21 aprile 2015 - Il torrone di Crema.

Oggi siamo in Lombardia. Il paese è Crema, il paesaggio la Pianura Cremasca. Le coordinate geografiche sono 45°21’ Nord e 9°40’ Est.

Parto con comodo da Genova; l’appuntamento è intorno alle dieci del mattino. All’altezza di Tortona, squilla il telefono. È Davide, che è già quasi arrivato. So che in questo momento dovrei svoltare a destra verso Piacenza, ma sono distratto e mi lascio guidare verso nord dal navigatore. Quando riattacco, Davide sta probabilmente già indossando l’abito di scena nella gelateria di Mauro, il protagonista della puntata, mentre io procedo a passo d’uomo lungo la tangenziale di Milano. Una situazione irritante. La tangenziale è un luogo – o meglio, un non luogo – scritto nel destino dei milanesi; Davide lo conosce bene e per questo lo evita muovendosi all’alba, partendo in anticipo per non arrivare in ritardo.

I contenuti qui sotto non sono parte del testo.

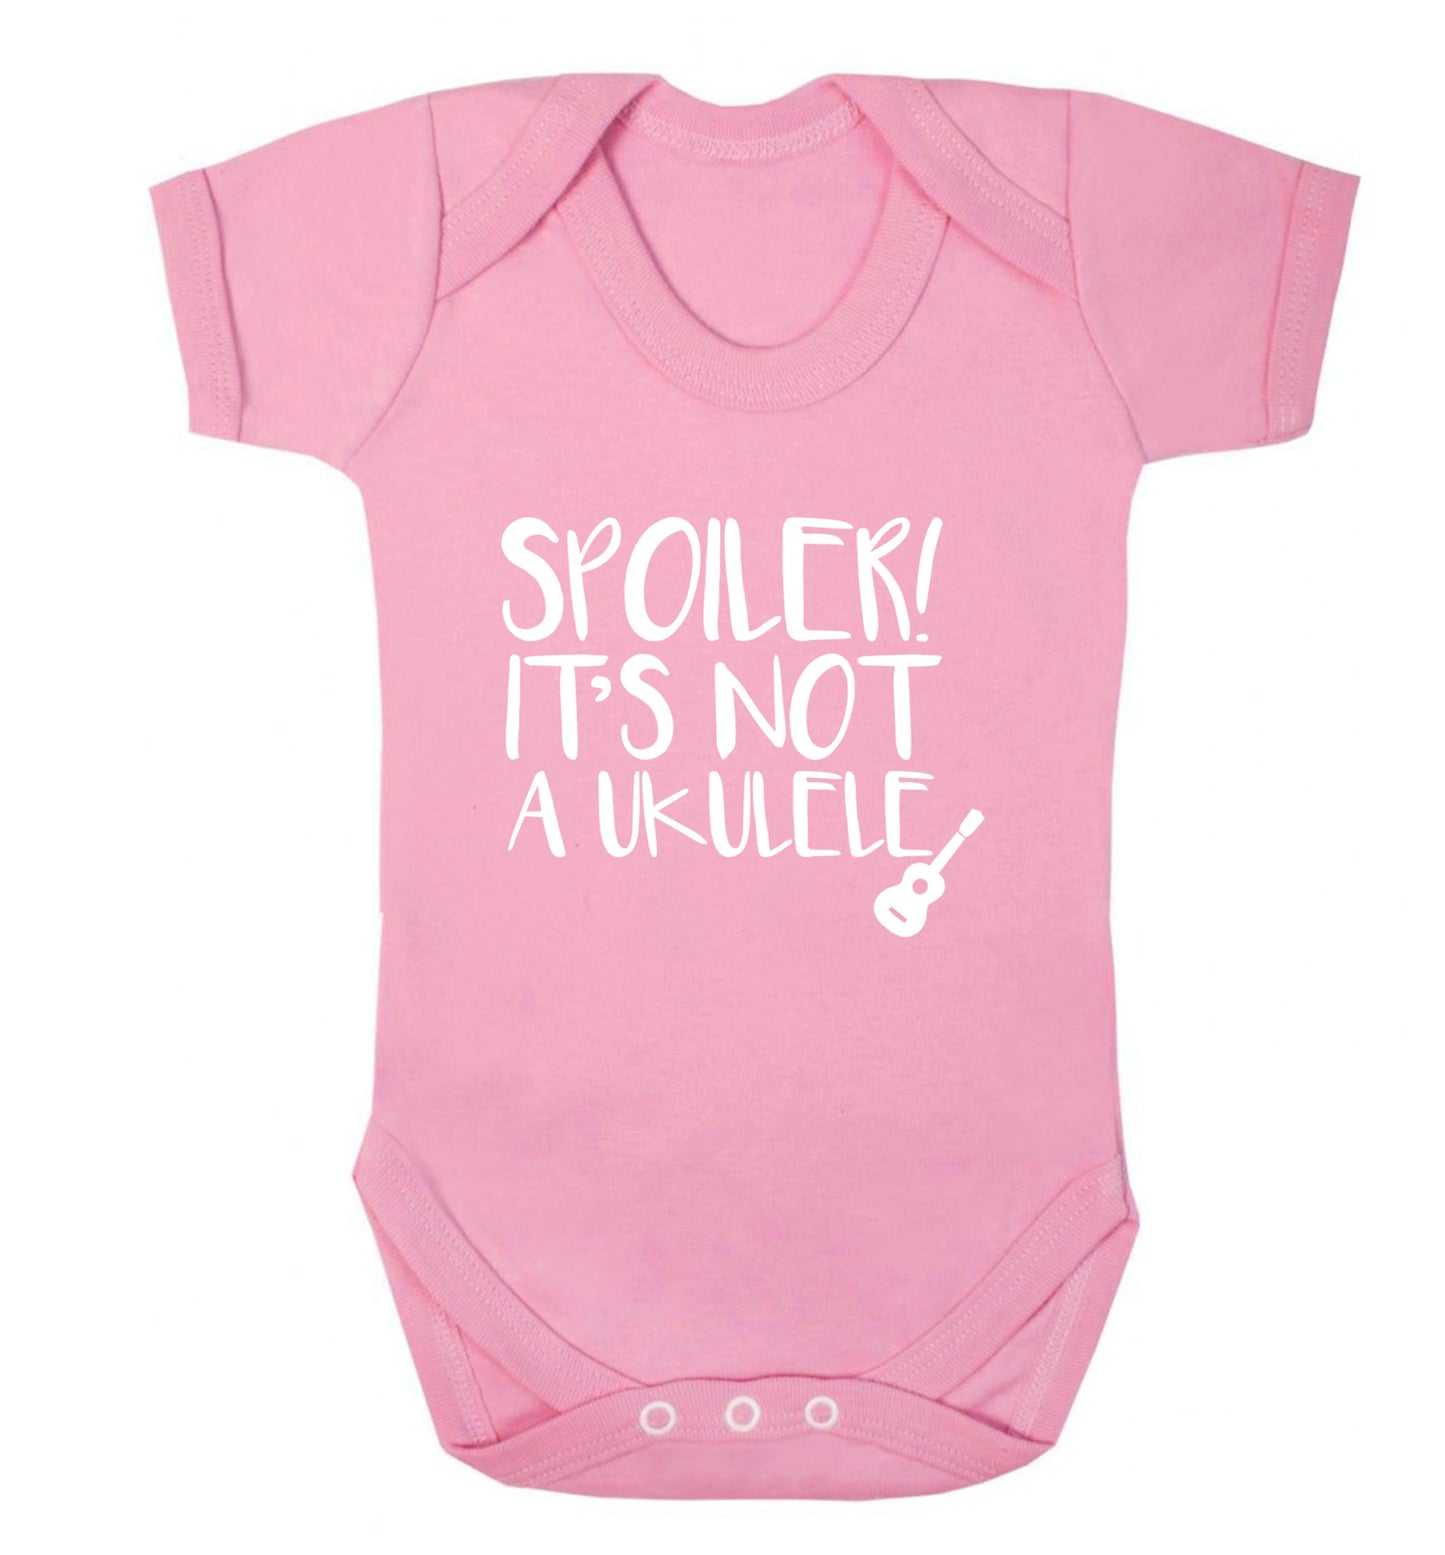 Spoiler it's not a ukulele Baby Vest pale pink 18-24 months

Procedo lentamente, circondato di macchine. Piccoli mondi dove ognuno ha qualcosa da fare. Tamponarsi adesso sarebbe un gioco da ragazzi. Mi concentro ed evito il pericolo. Quando esco dalla grande strada abbasso i finestrini e respiro, ma è solo un attimo. Ci sono le statali di pianura da percorrere, sempre dietro qualche camion. Il paesaggio scorre monotono, con fabbriche e campi di cereali attraversati da vie affollate. Un tempo, tutto questo era bosco, con acqua, fiumi e risorgive: paludi e marcite che rendevano il territorio selvaggio e poco sfruttabile. Poi fu progressivamente bonificato, cambiò volto e divenne la terra degli scambi, dei commerci, della produzione.

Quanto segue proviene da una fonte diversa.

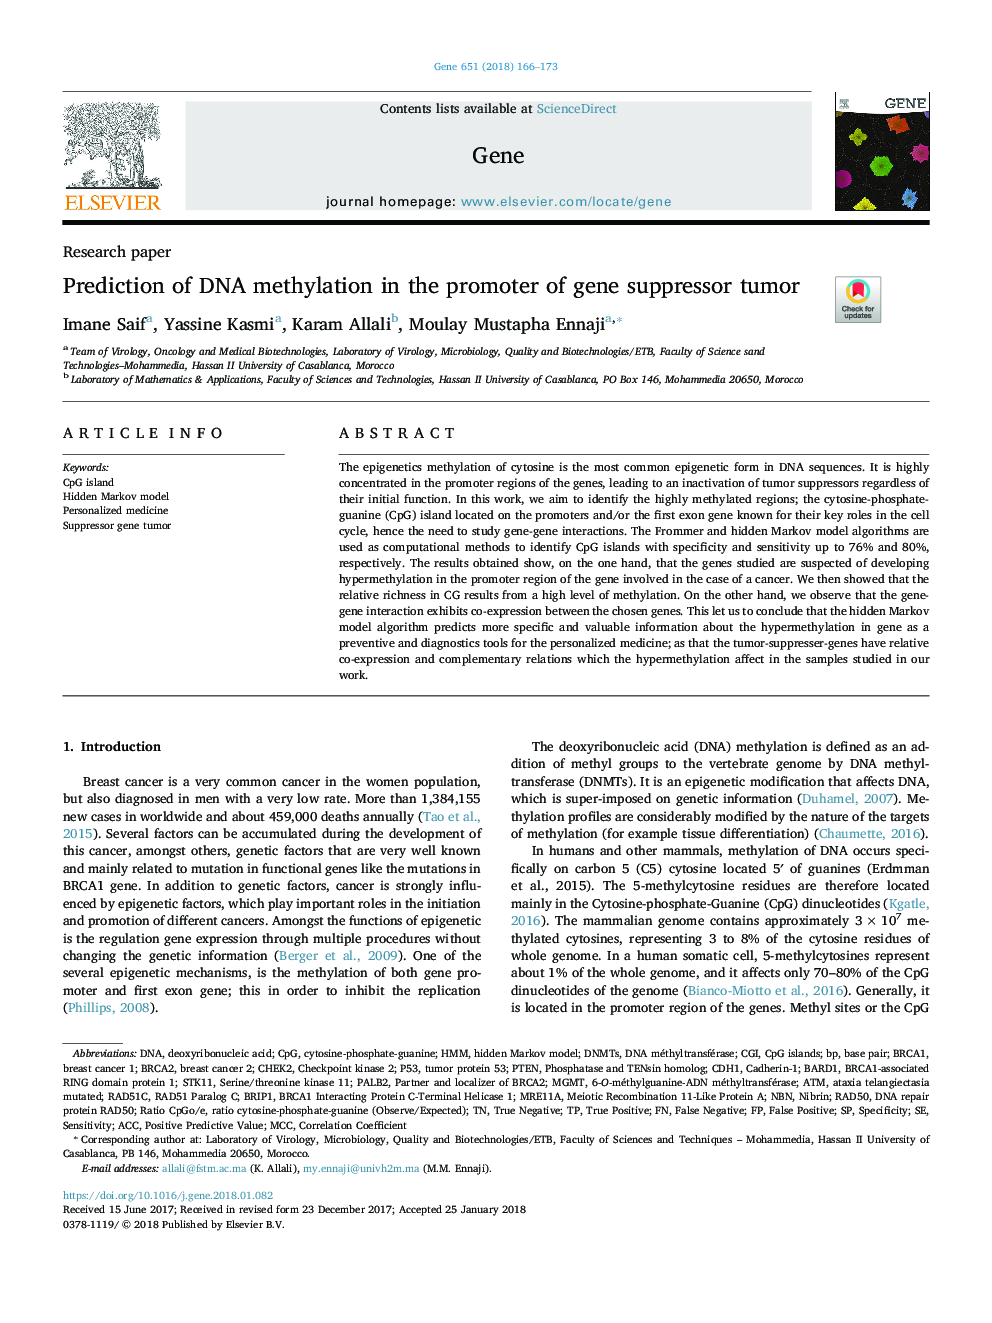 Prediction of DNA methylation in the promoter of gene suppressor tumor

Crema nacque intorno al Mille come borgo fortificato, posto su un lieve rialzo del terreno. Ma era lì, tra Milano e Venezia, al centro delle grandi vie di comunicazione. Una città destinata a far fortuna. Alla metà del Quattrocento divenne veneziana: un lembo di Serenissima all’interno del Ducato di Milano. Sono ancora tanti i riferimenti a Venezia disseminati nella città: iscrizioni, leoni di San Marco, icone di Cannaregio. Crema era un avamposto veneziano, al centro dei suoi Domini di Terra, con una diocesi che estendeva il proprio controllo fino a Genova.

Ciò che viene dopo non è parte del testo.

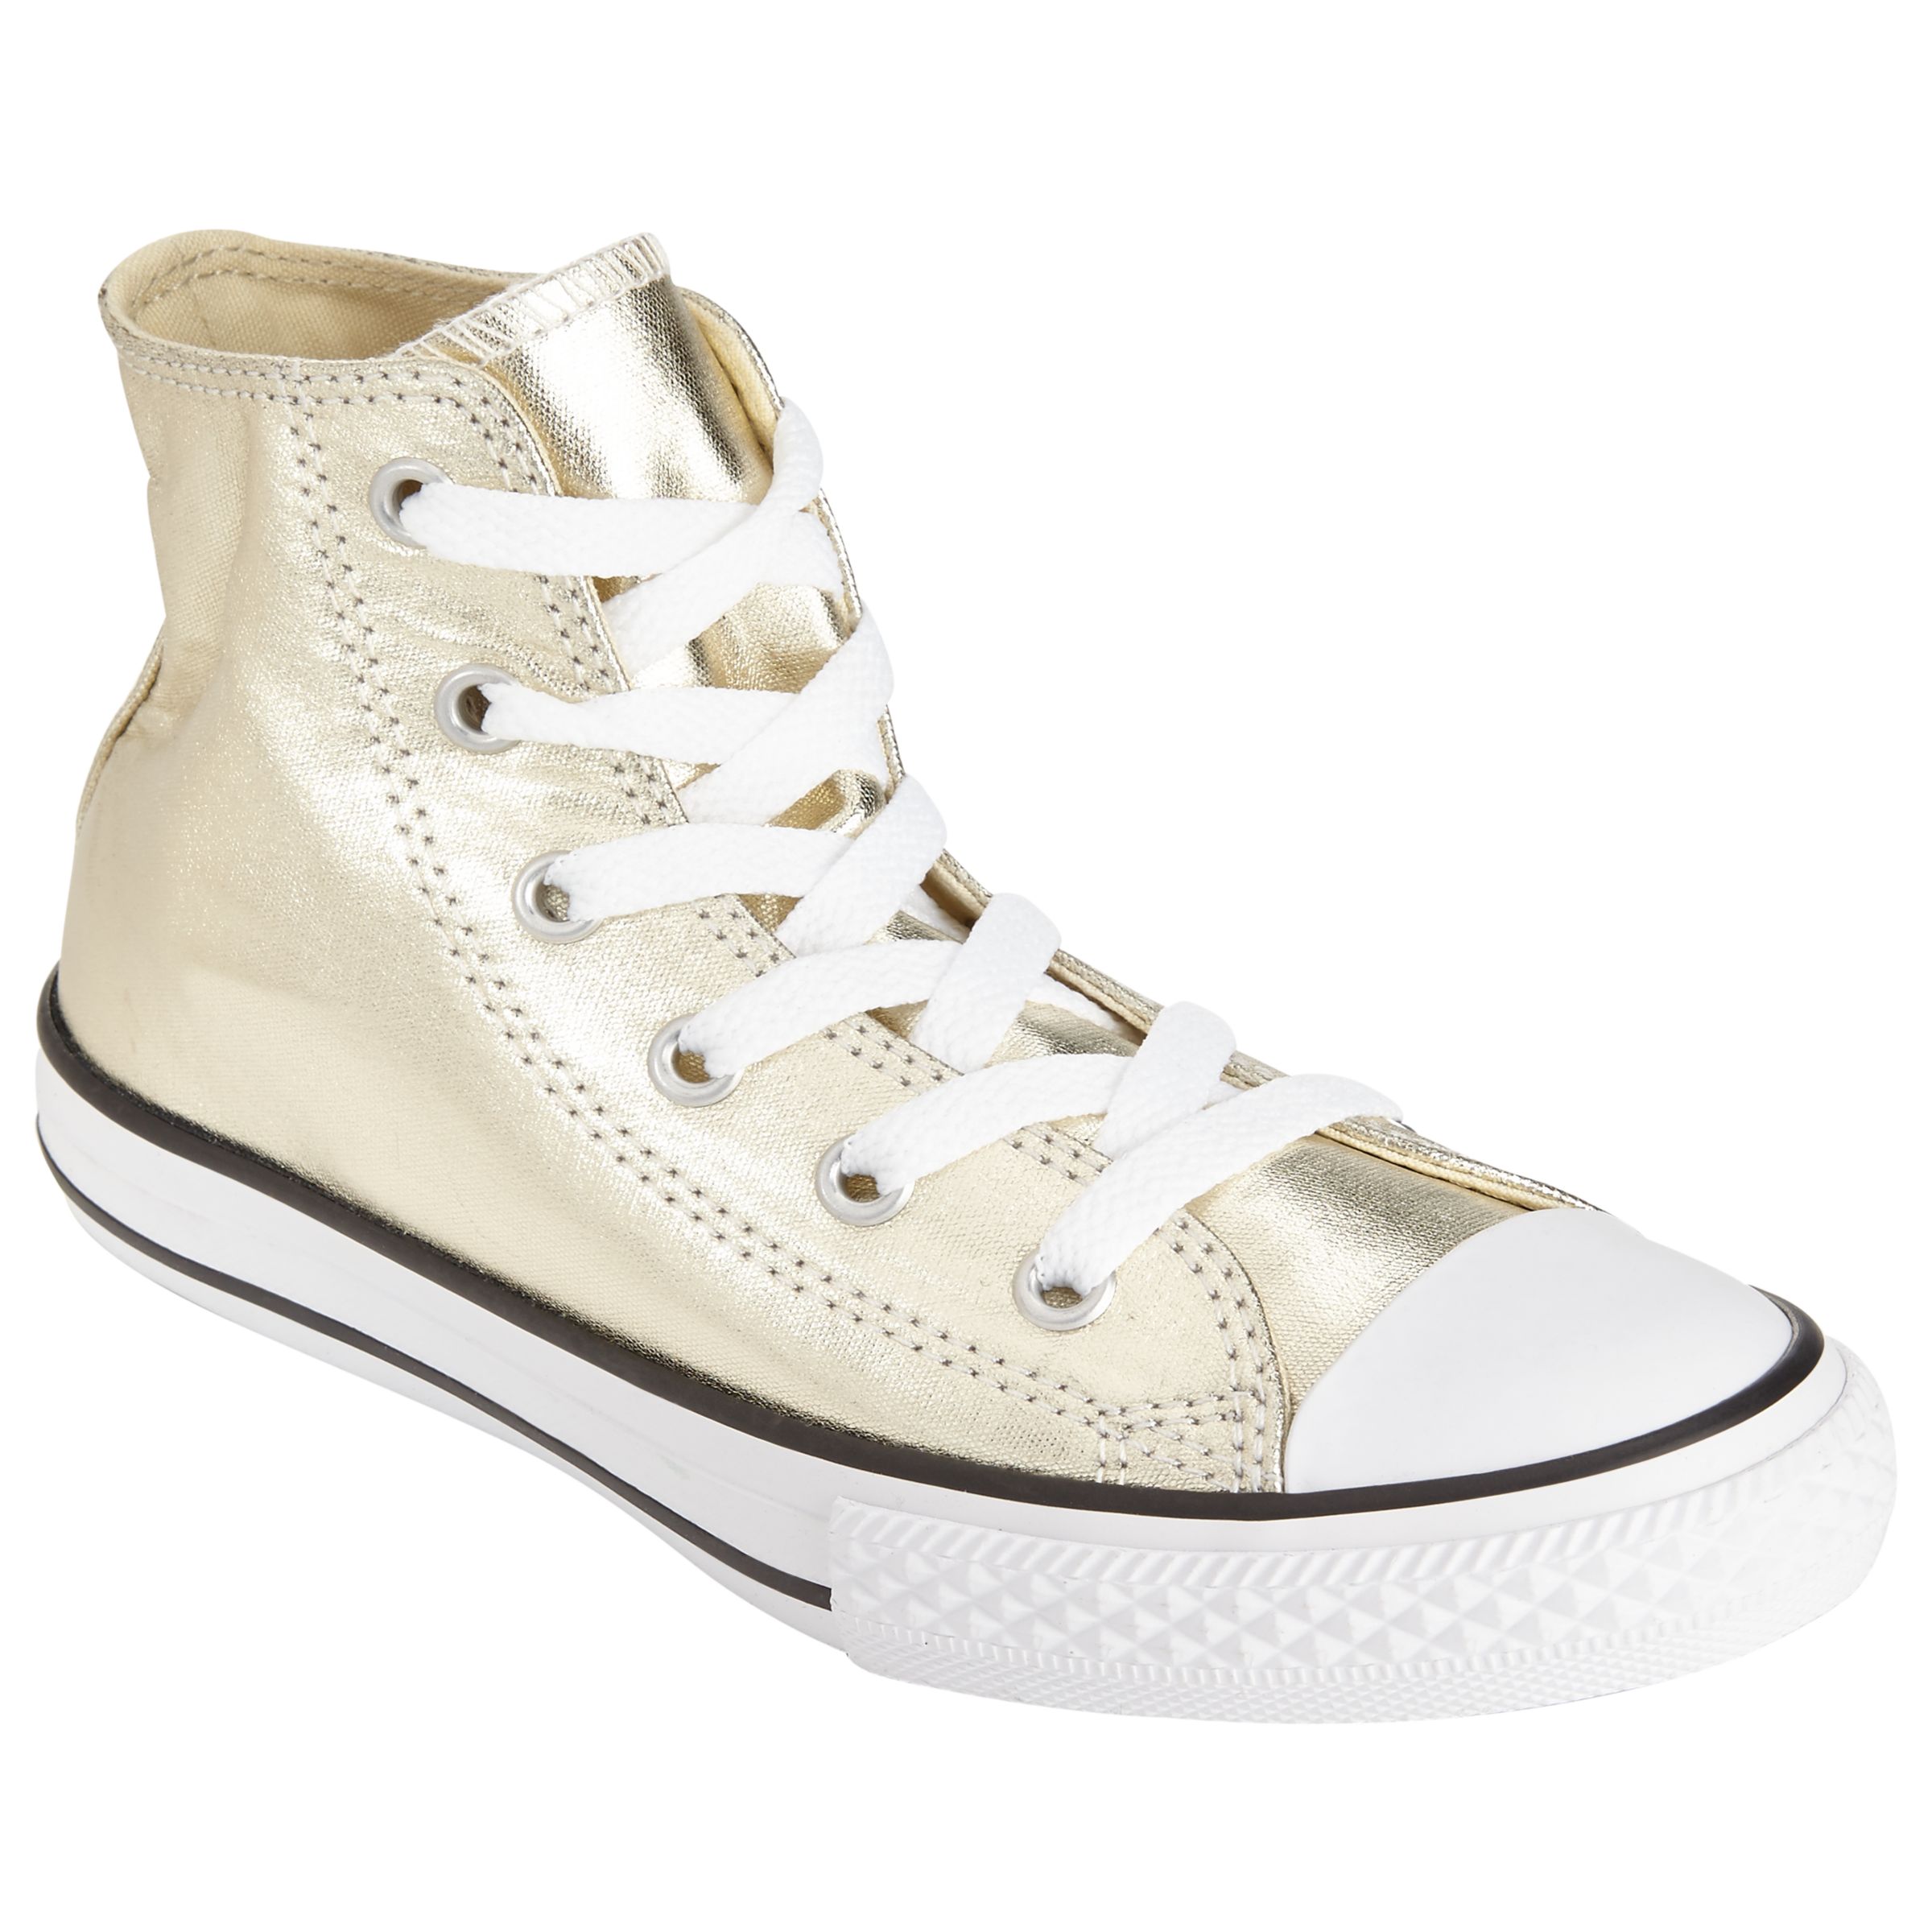 Converse Children's Hi Top Chuck Taylor Metallic Shoes, Light Gold, 11 Jnr

Entrando in città, le macchine diventano di colpo biciclette, le case e le fabbriche monumenti. La pianura degli scambi si trasforma in una città d’arte e cultura, dove i ritmi serrati della produzione diventano i tempi lenti della contemplazione. Crema offre una concentrazione di chiese, monumenti e dimore storiche davvero unica. Siamo venuti qui per parlare di torrone, ma siccome la preparazione artigianale di questo dolce tipico – ormai in via di estinzione – è molto lunga, decidiamo di filmare prima la città e i suoi scorci migliori.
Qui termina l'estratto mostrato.